Mexican Gothic by Silvia Moreno-Garcia
I’ve been a fan of Silvia Moreno-Garcia since Gods of Jade and Shadow, so when Mexican Gothic came out, I knew I had to add this to my October TBR list.
The story follows Noemi Taboada, a privileged debutante who knows precisely the effect she has on people. Normally, characters like Noemi infuse me with a distinct sense of immediate dislike, but she was so deliciously bold and unapologetic that eventually, I couldn’t help but find her endearing. When Noemi and her father receive a suspicious-sounding letter from her cousin, Catalina, she is charged with traveling to gloomy old High Place in order to find out whether Catalina is simply losing her mind, or if her husband is actually poisoning her food. Although it took me a few pages to really get into the mood and atmosphere, I rather enjoyed the detailed descriptions, the emphasis on landscape to infuse an overriding sense of suspense (so very reminiscent of Ann Radcliffe), and the peppering of more modern references that would occasionally remind readers we’re in 1950s Mexico as opposed to the Victorian era. I also really liked the deliberate references to other works, such as Emily Bronte’s Wuthering Heights and Catalina’s propensity for romantic sensibility — I found it to be clever (albeit on-the-nose) pastiche. I know a lot of people were put off by the writing style, but this is a Mexican Gothic tale set in the 1950s — if you were expecting any different, I think it’s safe to call that a lapse in judgement on the reader’s part.

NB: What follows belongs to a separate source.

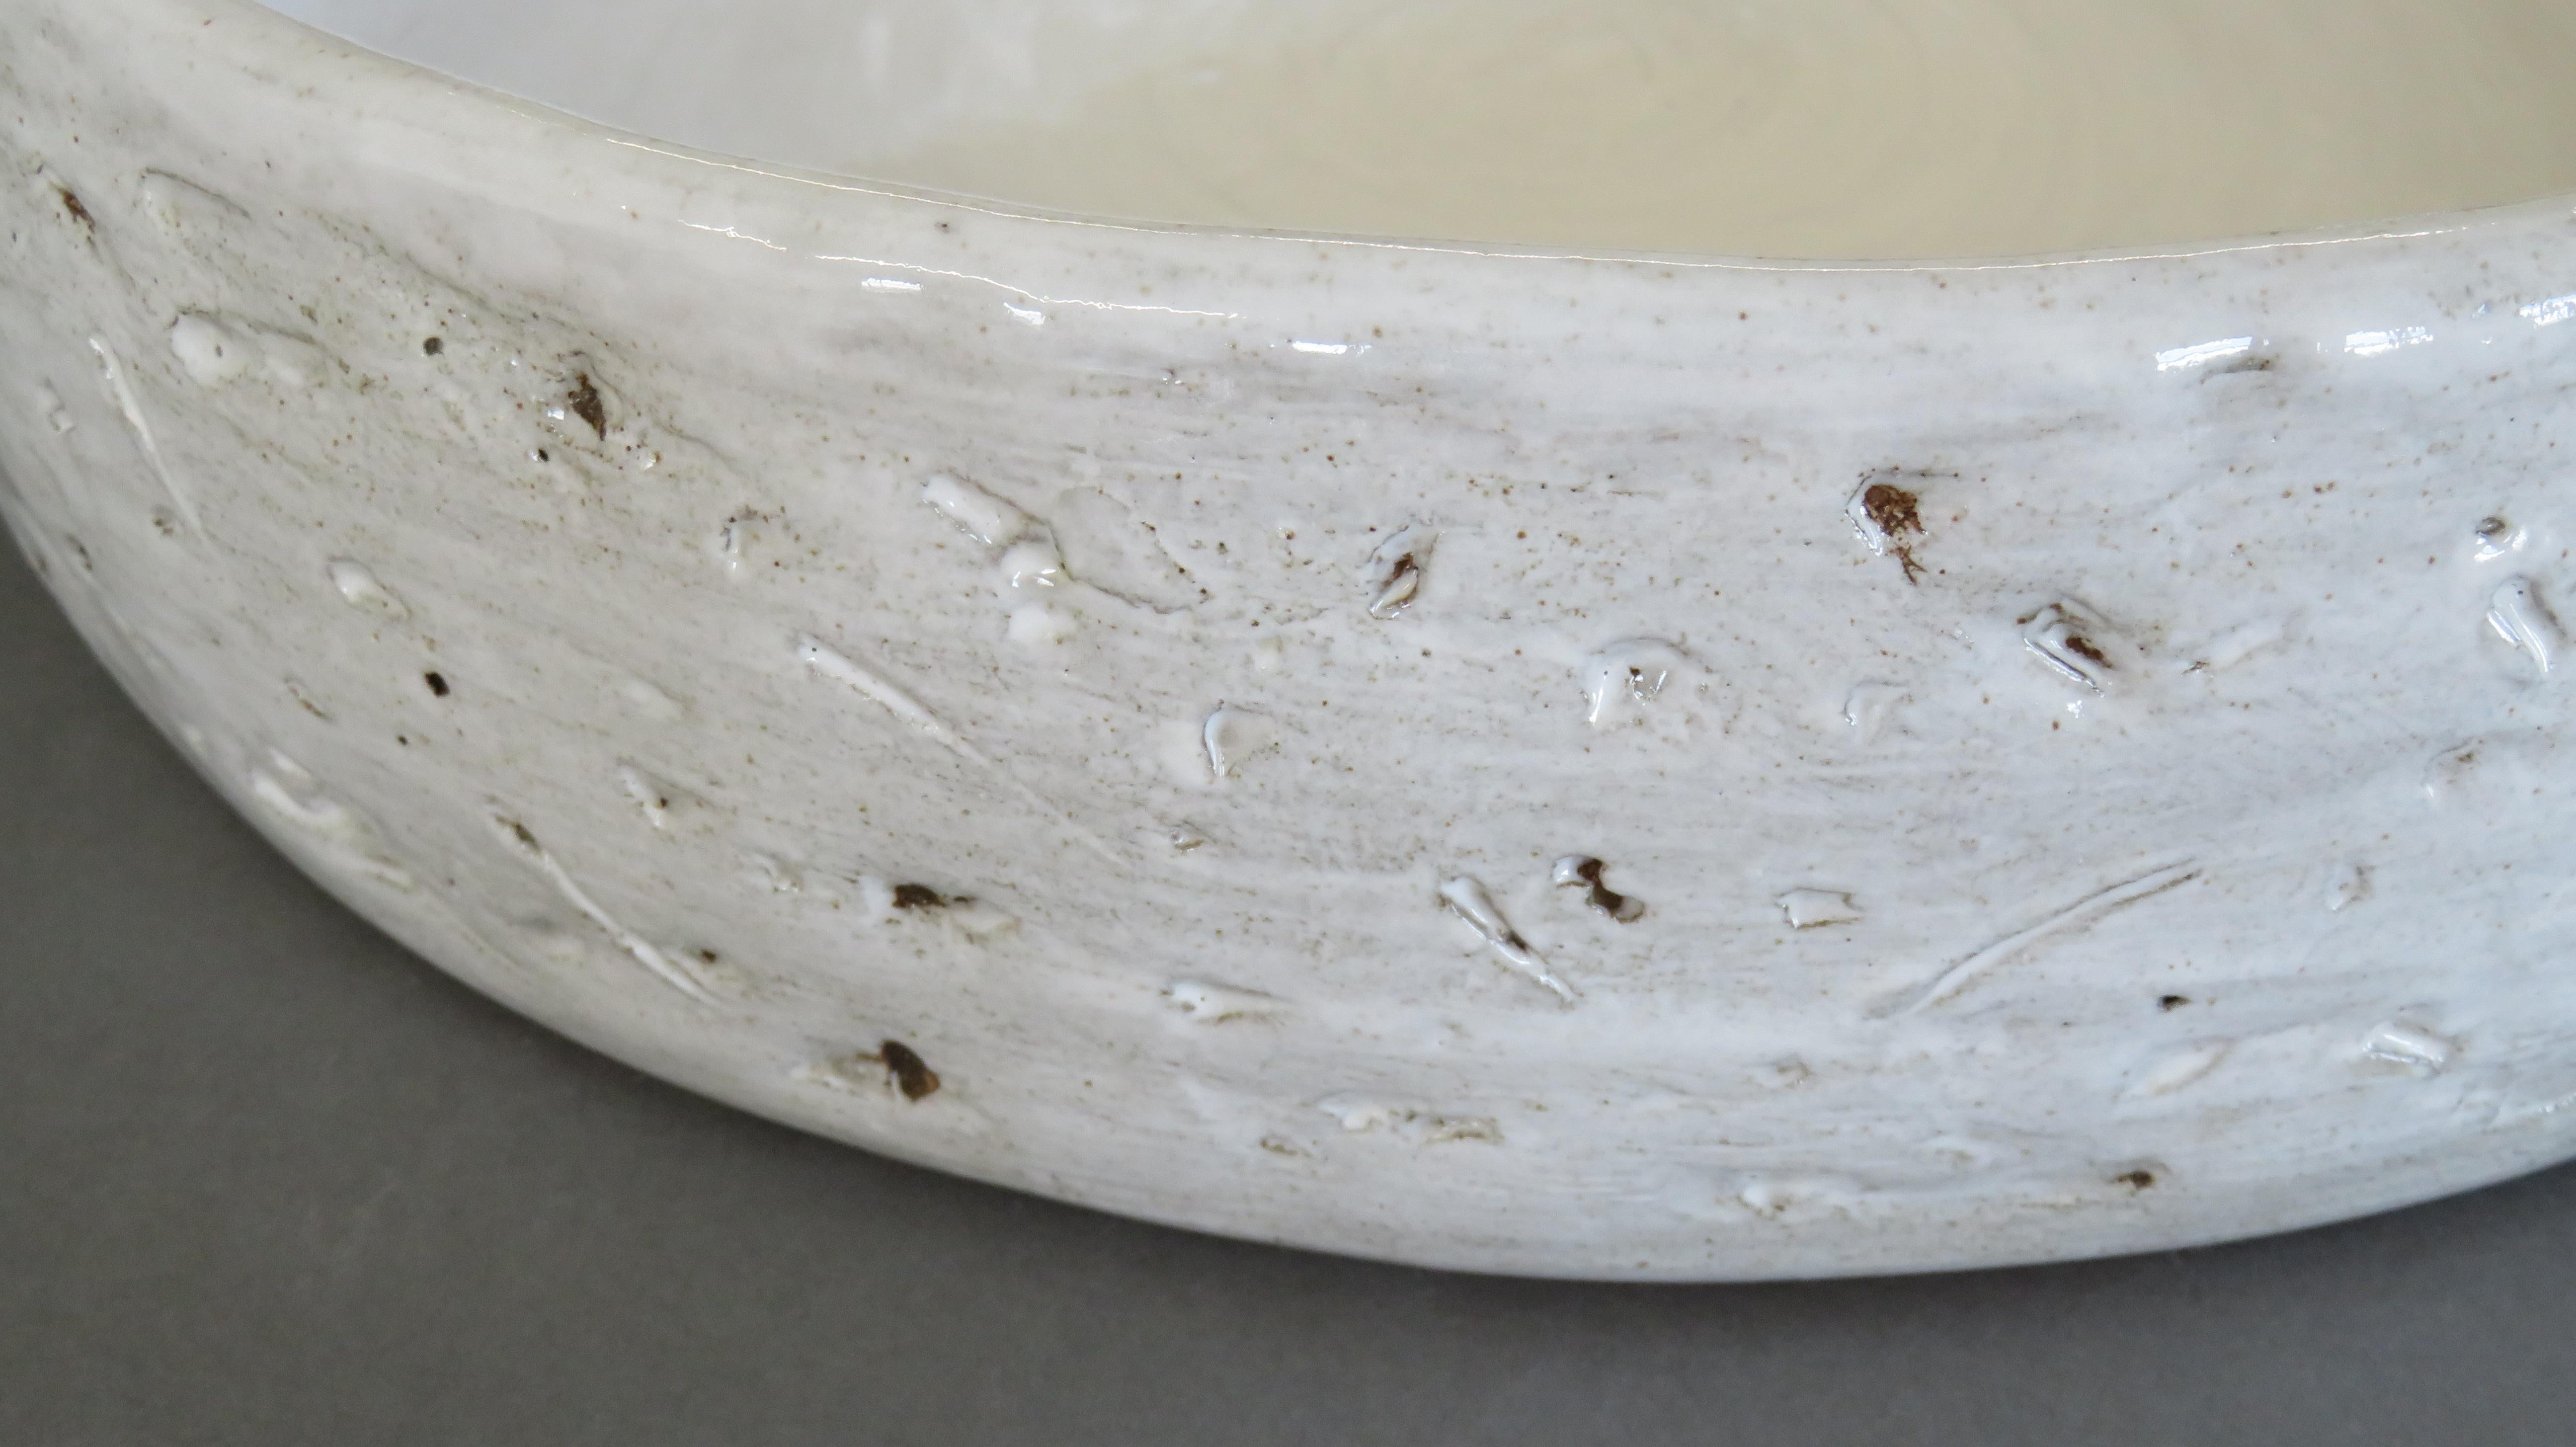 Large, wide and low ceramic stoneware serving bowl.  13.75 inches in diameter.
Subtle hand carved markings on the exterior with rich creamy white glaze.  Underglaze on the bottom reveals variations in the clay and unique firing marks.  Fully

It took me a while to get a grip on the (initially) slow pacing, but once this story picks up, it refuses to relent. Unfortunately for my terribly sore eyes, I ended up devouring this novel in less than 24 hours because I simply couldn’t look away! At one point, my eyes were practically begging for respite and I promised myself I’d go to bed after just one more chapter — except this chapter ended up being a horrific point of no return, a scene so ghastly and disturbing that I knew I had to finish this novel and see the villain defeated (because don’t all Gothic romance novels end with a triumphant heroine?) or I’d have nightmares.
When I look back, however, I do wonder as to the logic behind some of the more bizarre plot points, and the motivation behind certain character decisions. This is why Mexican Gothic felt more like a 3.5 star read as opposed to 5 — sure, some of the grisly scenes in the latter half still rake against my mind’s eye, but when a novel is more memorable to me because of questionable plot points as opposed to its protagonist and story, I know better than to give it a re-read. I did learn quite a few things about 1950s Mexico, though, and will be forever grateful to Moreno-Garcia for having given readers a privileged female protagonist who revels in her vanity as opposed to finding ways to fold herself into smaller, meeker, respectably invisible pieces.